Typhoon OCR: Open Vision-Language Model For Thai Document Extraction
SCB 10X introduces Typhoon OCR, an open vision-language model fine-tuned on a Thai-focused dataset using a multi-stage data construction pipeline. The model provides a unified framework capable of performing text translation, key-value extraction, and structured document parsing for both Thai and English.

Typhoon OCR is an open-source vision-language model specifically engineered to handle the unique complexities of Thai document extraction, such as lack of word boundaries and intricate scripts. Developed by SCB 10X, the project addresses the historical performance gap in low-resource languages where general-purpose models often fail. The researchers utilized a multi-stage data construction pipeline that integrates traditional OCR, synthetic data, and human verification to train the model for both layout reconstruction and text transcription. The latest iteration, Typhoon OCR V1.5, offers a streamlined 2-billion parameter architecture that operates more efficiently than its predecessors while maintaining high accuracy across financial reports, government forms, and handwritten notes. Evaluations demonstrate that this compact model frequently matches or exceeds the capabilities of much larger proprietary systems like GPT-4o and Gemini. By releasing these resources under permissive licenses, the authors aim to support reproducible research and practical digital workflows in the Thai language.
The Core Problem: AI Struggles to Read Thai
Right now, highly advanced Artificial Intelligence (like ChatGPT or Google Gemini) is great at reading and analyzing English documents. However, these models struggle heavily with the Thai language. This is because Thai has a very complex writing system with stacked vowels, no spaces between words, and documents that often have extremely dense, messy layouts (like government forms or receipts). Because big tech companies mostly train their AI on English data, Thai users are often left with AI that misreads their documents, messes up tables, or gets confused by simple financial reports.
The Solution: Typhoon OCR
To fix this, researchers developed Typhoon OCR, an open-source AI model specifically trained to be an expert at reading, extracting, and understanding both Thai and English documents.
Key Insights from the Research
1. “David vs. Goliath” Performance The researchers recently released Typhoon OCR V1.5, which is a highly compact “small” AI model. Despite being a fraction of the size of massive AI models like GPT-4o or Gemini 2.5, Typhoon OCR actually beats them at accurately reading and organizing complex Thai documents, such as financial reports and government forms.
2. It Doesn’t Just Read Words; It Understands Layouts Traditional scanners just spit out a messy wall of text.

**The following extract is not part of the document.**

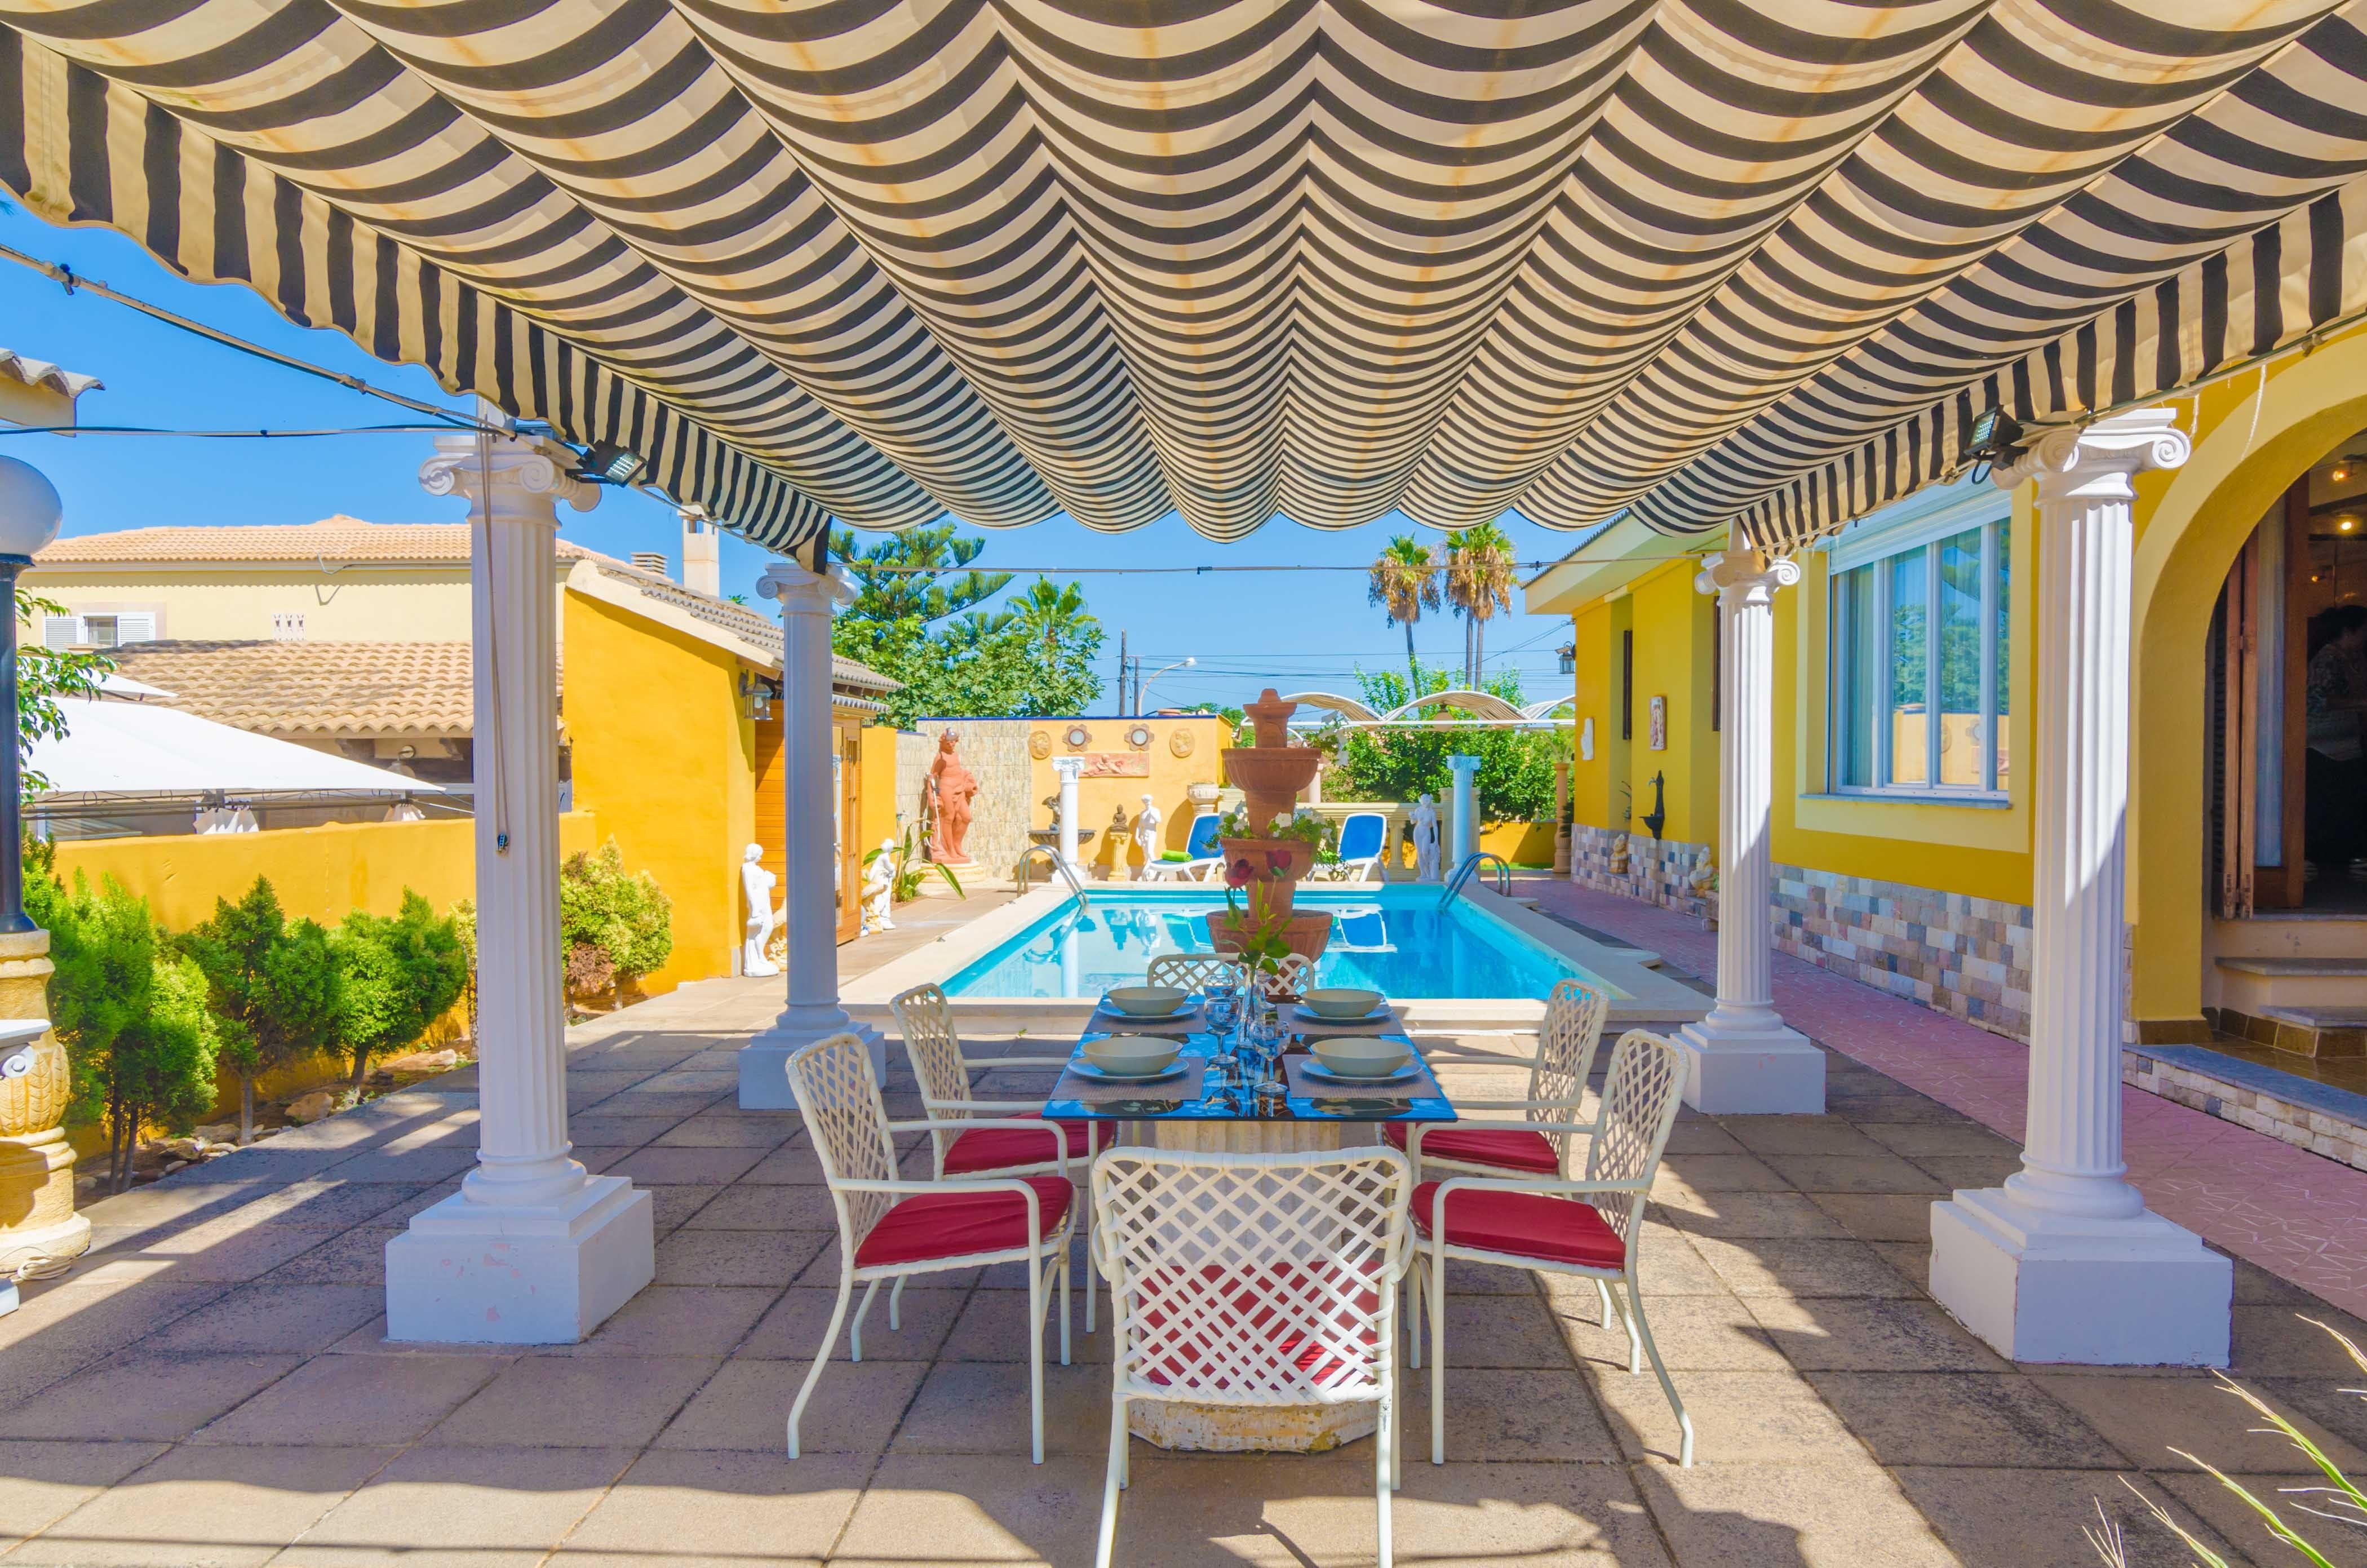 Ferienhaus CAN GORI (2296828), Badia Gran, Mallorca, Balearische Inseln, Spanien, Bild 4

Typhoon OCR acts like a human eye—it understands the structure of a document. If it looks at a financial report or an infographic, it knows how to keep tables, columns, and reading order perfectly intact.
3. Beating the “Data Shortage” with Fake Documents To make AI smart, you have to feed it millions of examples. Because high-quality Thai documents are scarce on the internet, the researchers got creative and built a “synthetic data” pipeline. They basically generated fake Thai documents featuring math, charts, different fonts, and rare vocabulary to teach the AI how to read anything thrown at it.

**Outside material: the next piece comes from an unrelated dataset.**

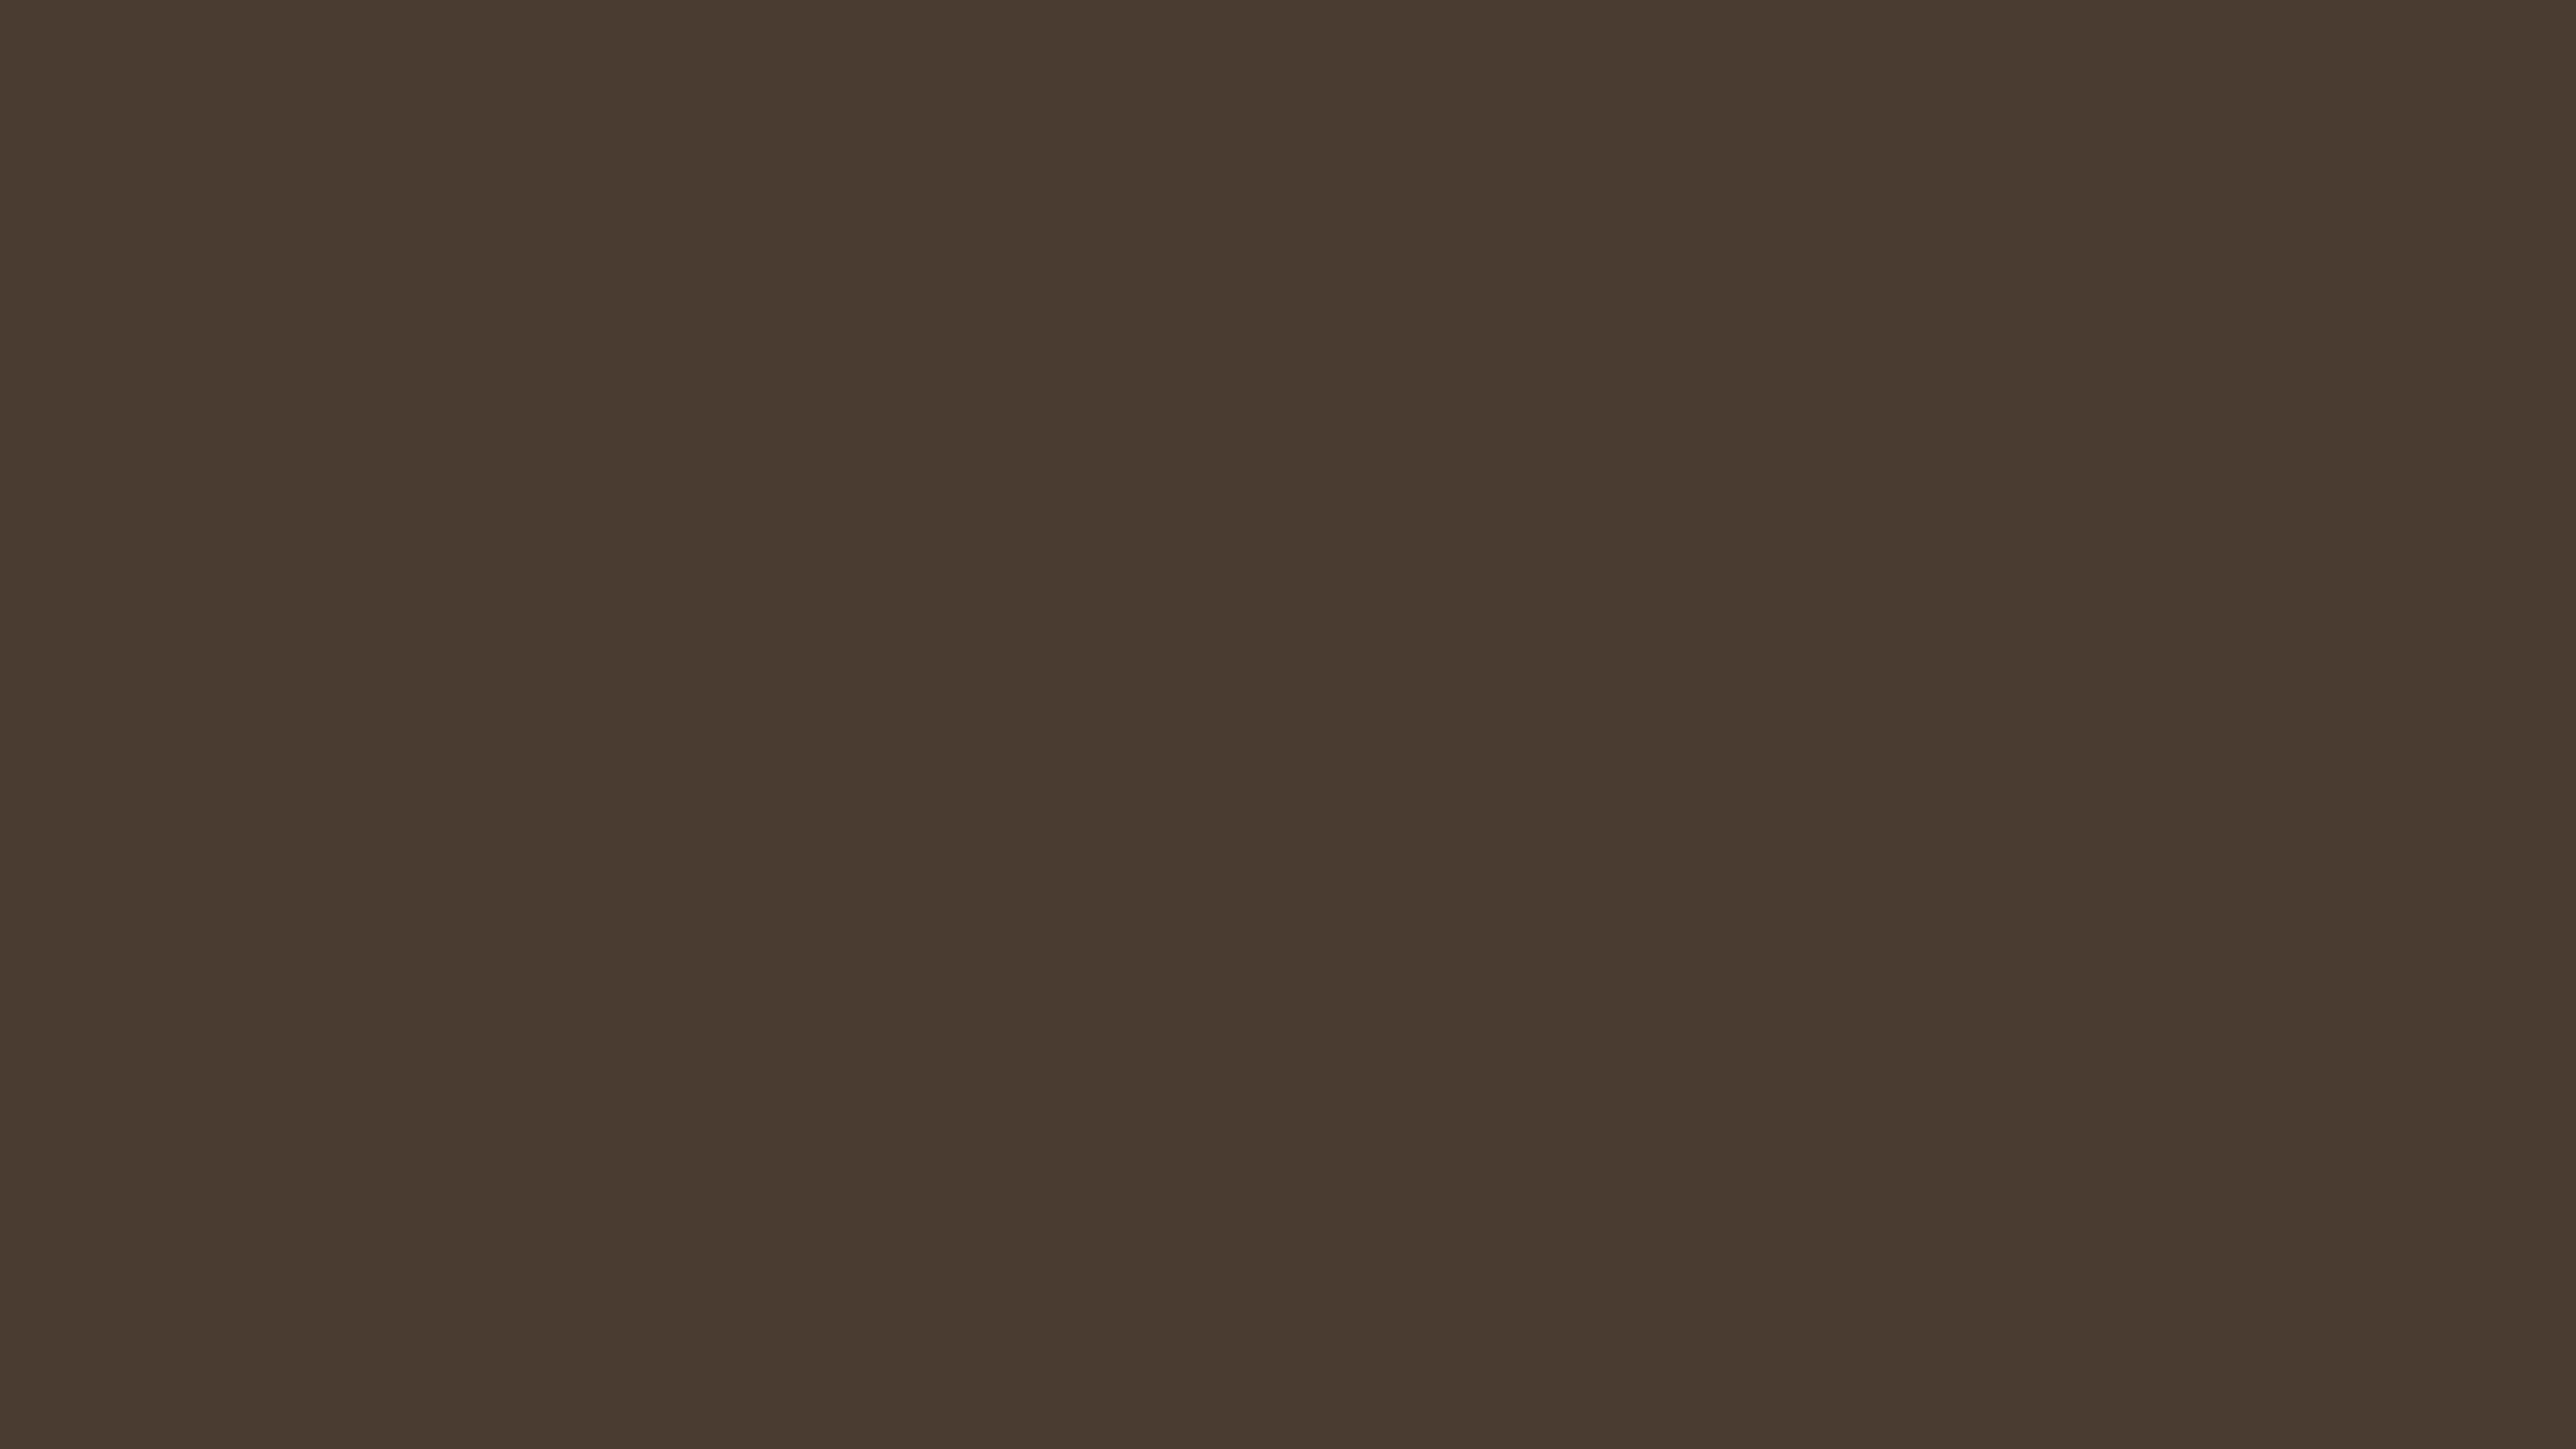 3840x2160 Dark Lava Solid Color Background

Practical Benefits for Everyday Consumers and Businesses
While this is a highly technical research paper, the creation of Typhoon OCR brings several exciting, real-world benefits:
- Ultimate Data Privacy: Because Typhoon OCR V1.5 is designed to be “compact and lightweight,” a company or a user can run it directly on their own computer or local servers. This means highly sensitive documents—like medical records, bank statements, or private legal contracts—do not have to be sent over the internet to big tech companies to be processed.
- Faster, Cheaper App Development: Because the model is completely open-source (free for developers to use), creators can easily build new apps that process Thai paperwork quickly. Imagine a mobile app that instantly categorizes your Thai receipts for taxes, or software that instantly digitizes a stack of handwritten Thai administrative forms.
- Less Waiting in Line: Many administrative processes in Thailand require manual data entry from physical forms. By accurately automating how data is pulled from messy, real-world documents and handwritten notes, businesses and government offices can process paperwork significantly faster.